Siyah boğazlı kazağı dar olduğu için bütün kasları ve beli çok net görünüyordu. Taehyung çok iyi bir vücudu olduğunu hiçbir şekilde inkar edemezdi.
"Çok iyi görünüyorsun." dedi, Jungkook. Sertçe yutkundu, bunu gören Taehyung ise gururu okşanmış gibi keyifle sırıttı.
"Sen de öyle."
Yavaşça sarışının boynuna yaklaştı. Sıcak nefesleri Taehyung'u huylandırırken derin soluklar aldı, burnunu sürttü. Taehyung bir anlığına nefes alamadı. Ona dokunmak istiyordu ama geri çekilmesinden de Jungkook'un cüretkâr tavırları onu daha fazlasını istemeye itiyordu.

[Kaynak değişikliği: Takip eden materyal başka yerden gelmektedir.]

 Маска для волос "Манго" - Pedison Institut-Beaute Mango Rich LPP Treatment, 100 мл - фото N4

"Parfümünü değiştirmişsin." dedi, nefesi sarışının boynuna çarparken.
Taehyung cevap veremedi, bütün odağı boynundaki nefeslerdi.Her ne kadar bir süre daha beklemek istese bile ufak bir öpücük bırakıp geri çekildi.

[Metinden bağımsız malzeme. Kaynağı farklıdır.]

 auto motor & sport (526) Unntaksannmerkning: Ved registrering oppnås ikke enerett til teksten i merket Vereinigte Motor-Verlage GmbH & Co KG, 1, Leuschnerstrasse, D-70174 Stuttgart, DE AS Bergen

Taehyung "Dikkatlisin." dedi sadece.
Jungkook yüzünü bilerek Taehyung'un yüzüne yaklaştırıyor, geri çekilmeyen güzel yüze daha da yakından bakıyordu.

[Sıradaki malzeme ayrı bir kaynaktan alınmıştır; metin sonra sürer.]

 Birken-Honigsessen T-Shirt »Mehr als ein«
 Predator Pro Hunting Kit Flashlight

Eğer gitmeleri gereken bir yer olmasaydı uzun bir süre devam edebilirdi buna. İki taraf da birbirinden etkileniyordu ve Taehyung rahatsız olmadığı sürece, Jungkook geri çekilmeyecekti.
Gitmek için hamle yapacakken farkettiği parlatıcıyla oldukça kibirli bir gülüş takındı, Jungkook.
Taehyung almasının ardından yaklaşık bir hafta geçmesine rağmen sürmediği parlatıcıyı bu gece sürmüştü. Olduğundan daha parlak ve dolgun görünen dudakları iştah açıcıydı.
"Kirazlı parlatıcı... Oldukça iyi durmuş, tahmin ettiğim gibi."
Biraz daha izledikten sonra arkasını dönüp merdivenlere ilerledi. Taehyung ise az önceki olaylar yüzünden sızak basan vücudunu ve hızlanan kalbini kontrol altına almaya çalışıyordu.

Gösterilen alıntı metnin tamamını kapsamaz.